● **About this task**
Print only the lines below, from the very first to the one containing "Crayon charpentier personnalisé", exactly as they stand. Do not print pictures.

● **Given material**
::::::::::

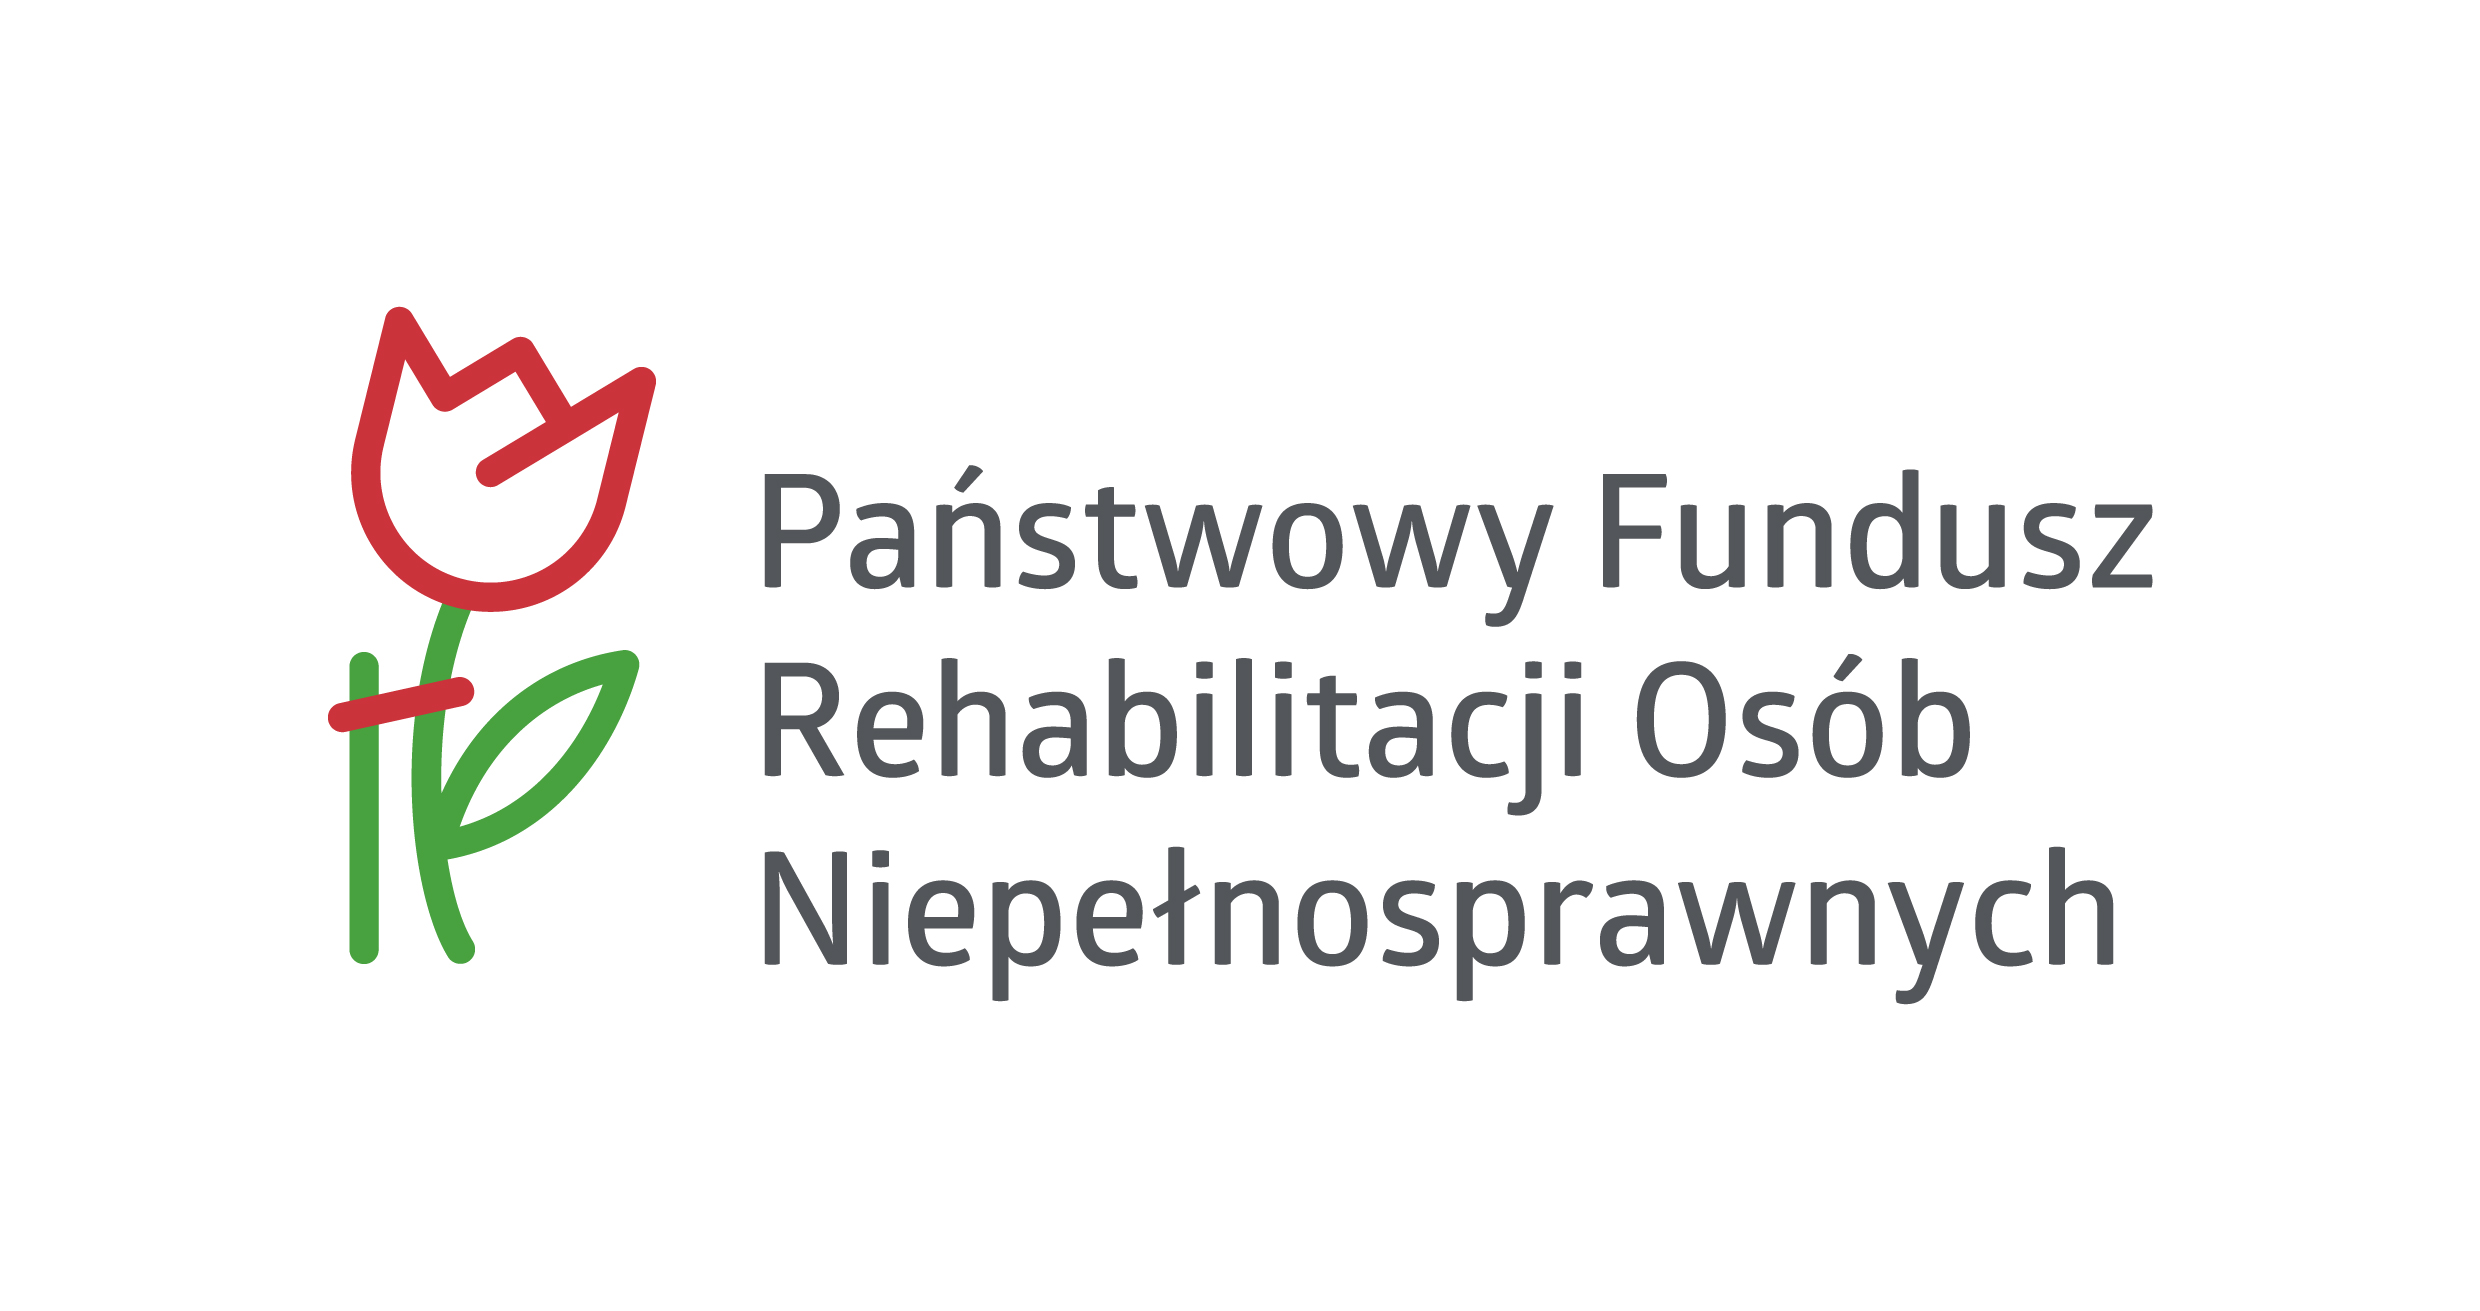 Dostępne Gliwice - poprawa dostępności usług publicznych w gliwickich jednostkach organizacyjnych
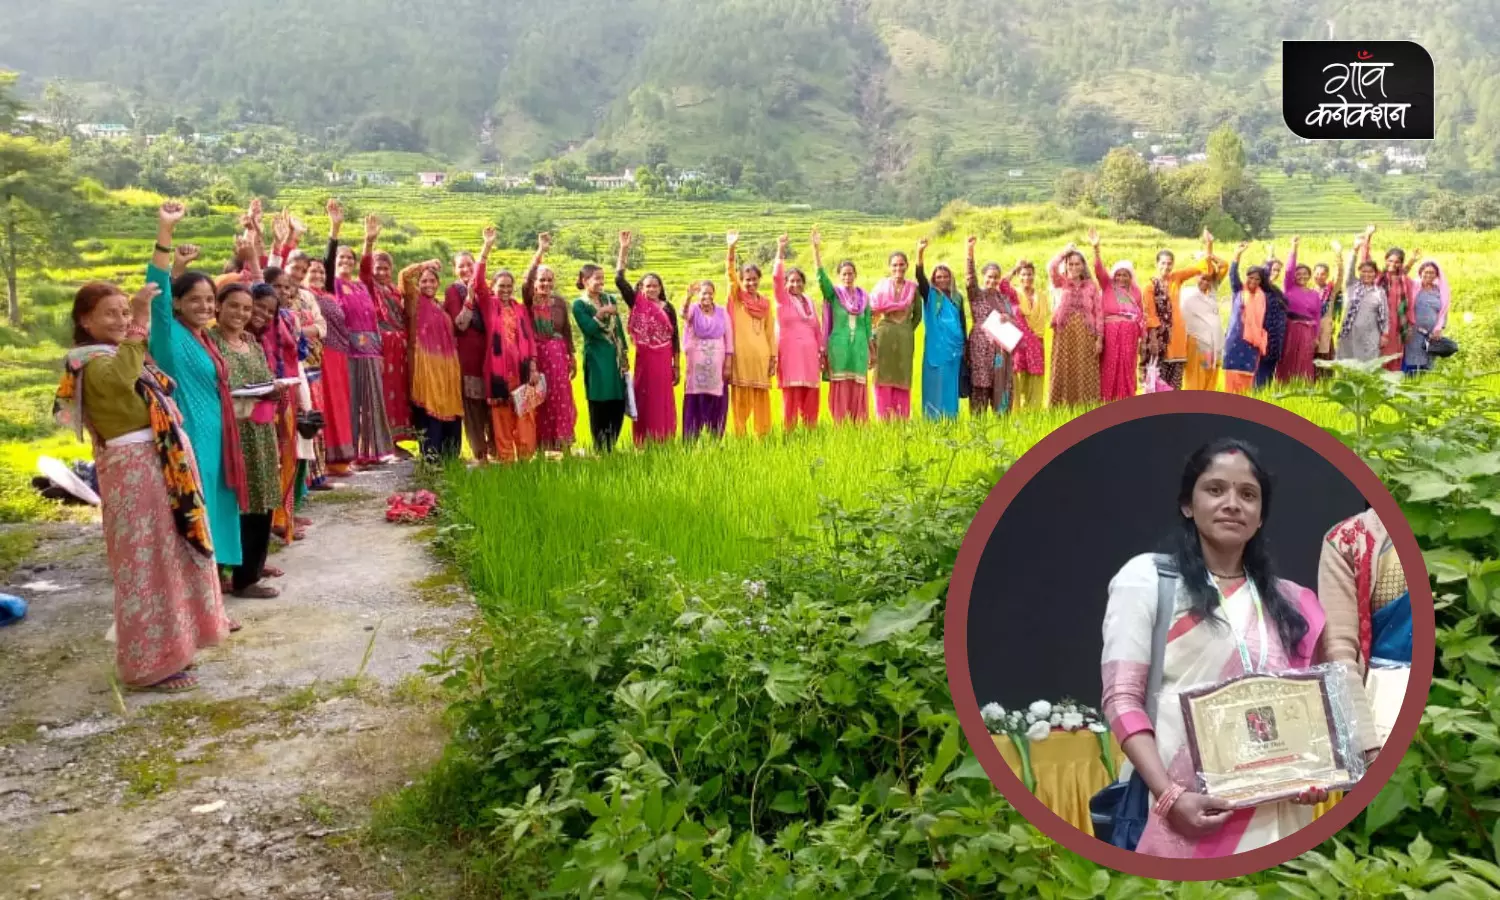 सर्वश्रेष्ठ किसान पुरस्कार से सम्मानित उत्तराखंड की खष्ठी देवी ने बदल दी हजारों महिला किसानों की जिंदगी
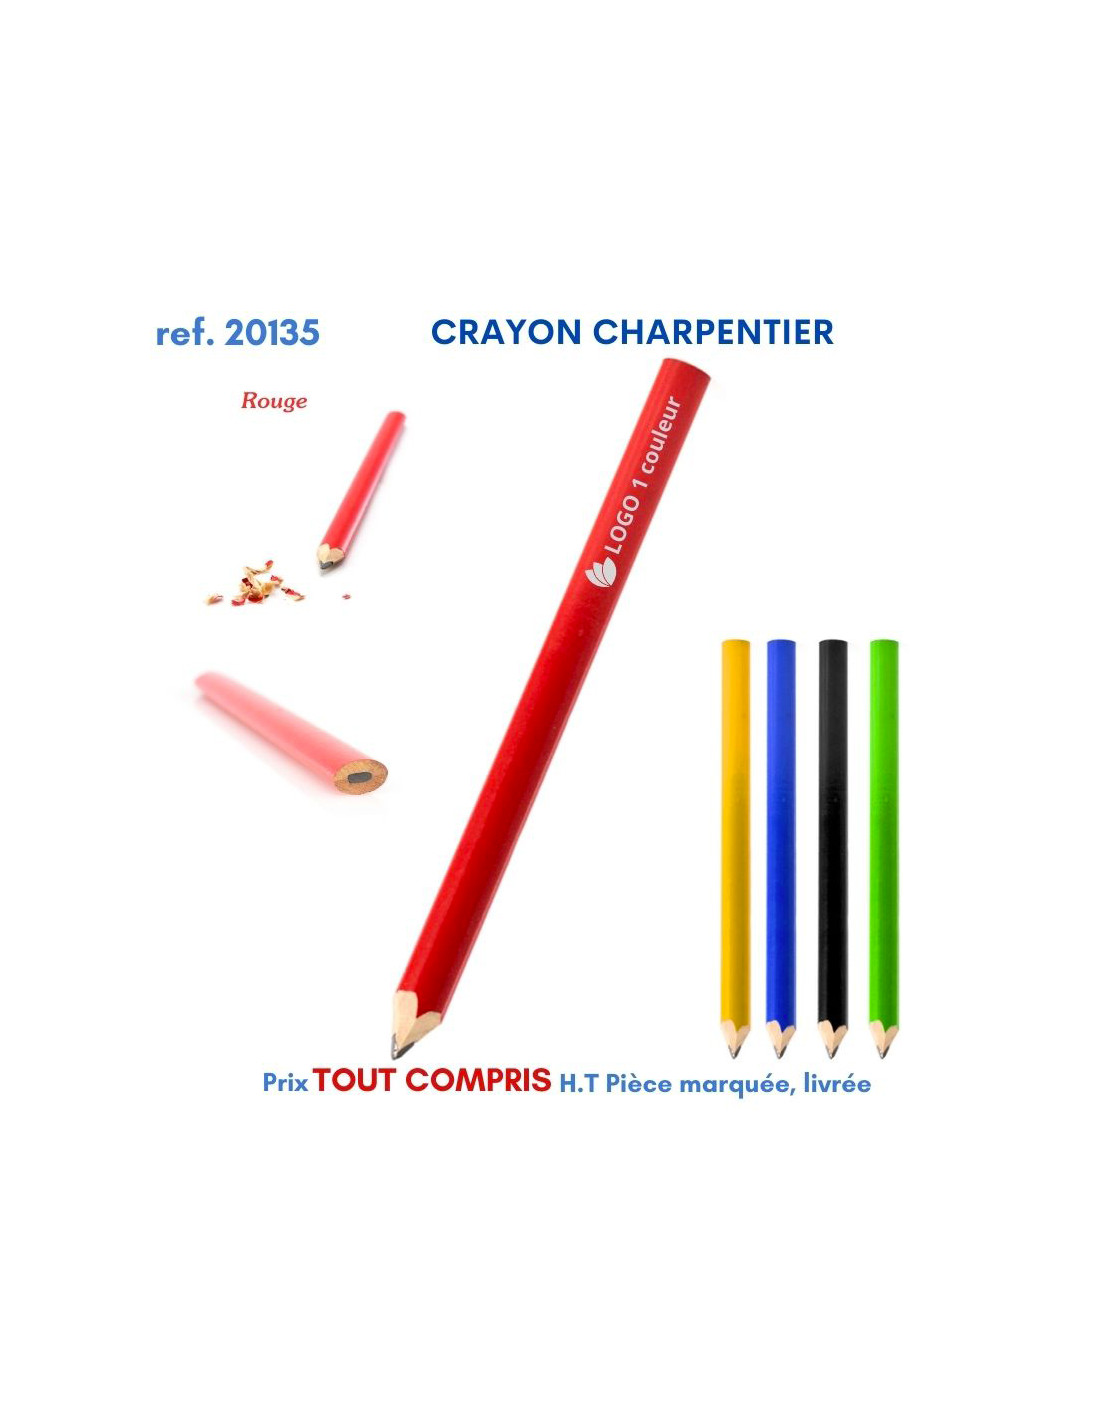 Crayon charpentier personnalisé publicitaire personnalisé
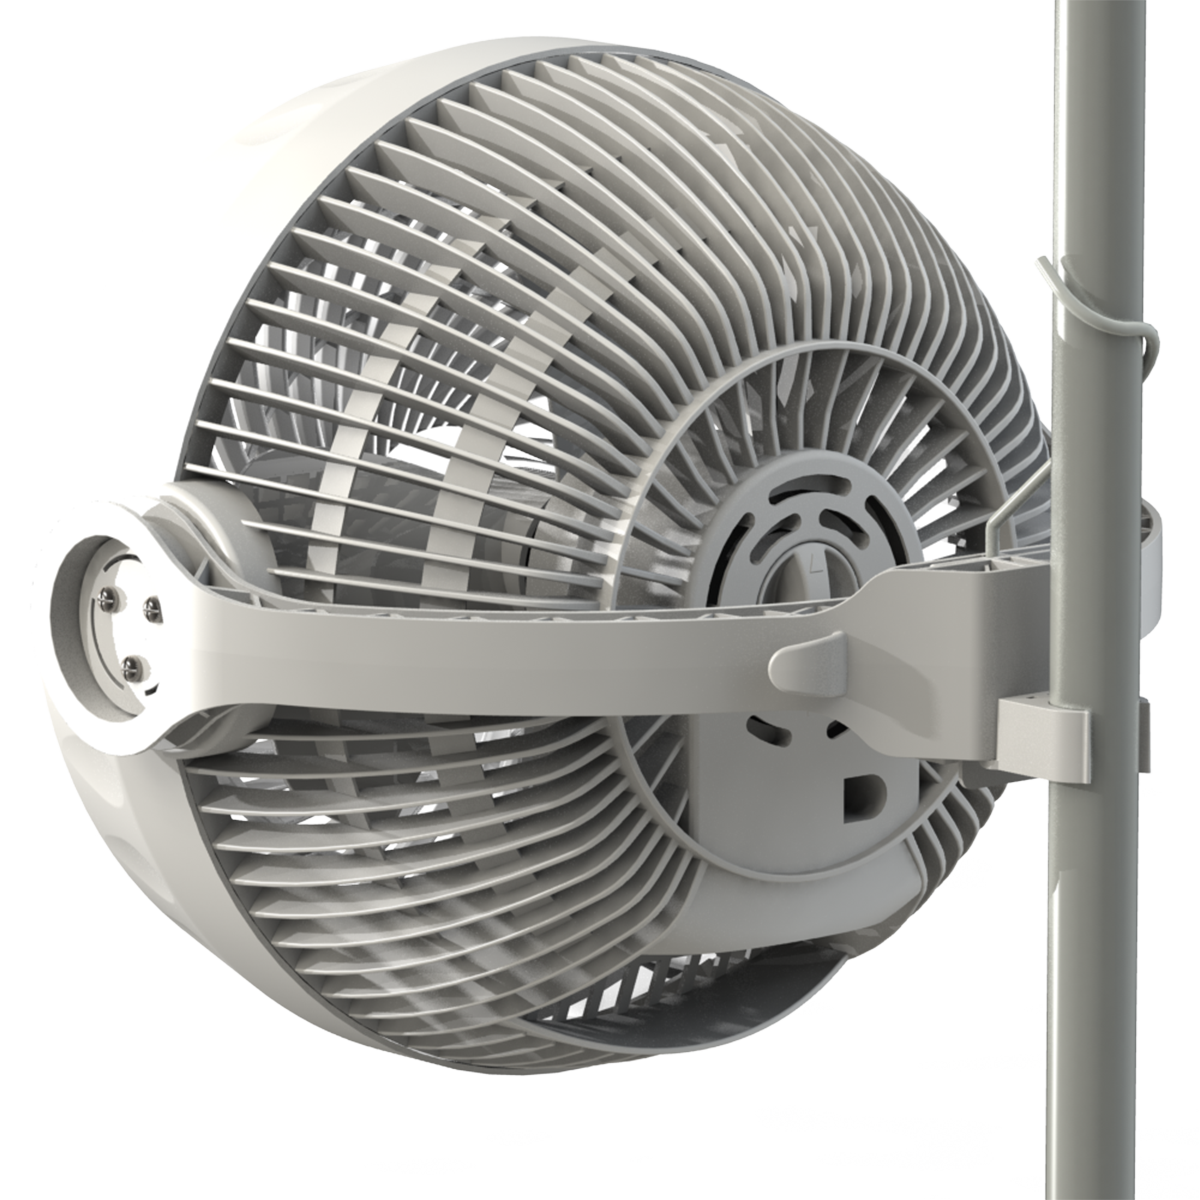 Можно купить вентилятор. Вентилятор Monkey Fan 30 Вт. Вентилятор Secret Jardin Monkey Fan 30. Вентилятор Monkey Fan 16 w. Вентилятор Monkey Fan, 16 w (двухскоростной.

::::::::::

● **Response box**
 Dostępne Gliwice - poprawa dostępności usług publicznych w gliwickich jednostkach organizacyjnych
 सर्वश्रेष्ठ किसान पुरस्कार से सम्मानित उत्तराखंड की खष्ठी देवी ने बदल दी हजारों महिला किसानों की जिंदगी
 Crayon charpentier personnalisé publicitaire personnalisé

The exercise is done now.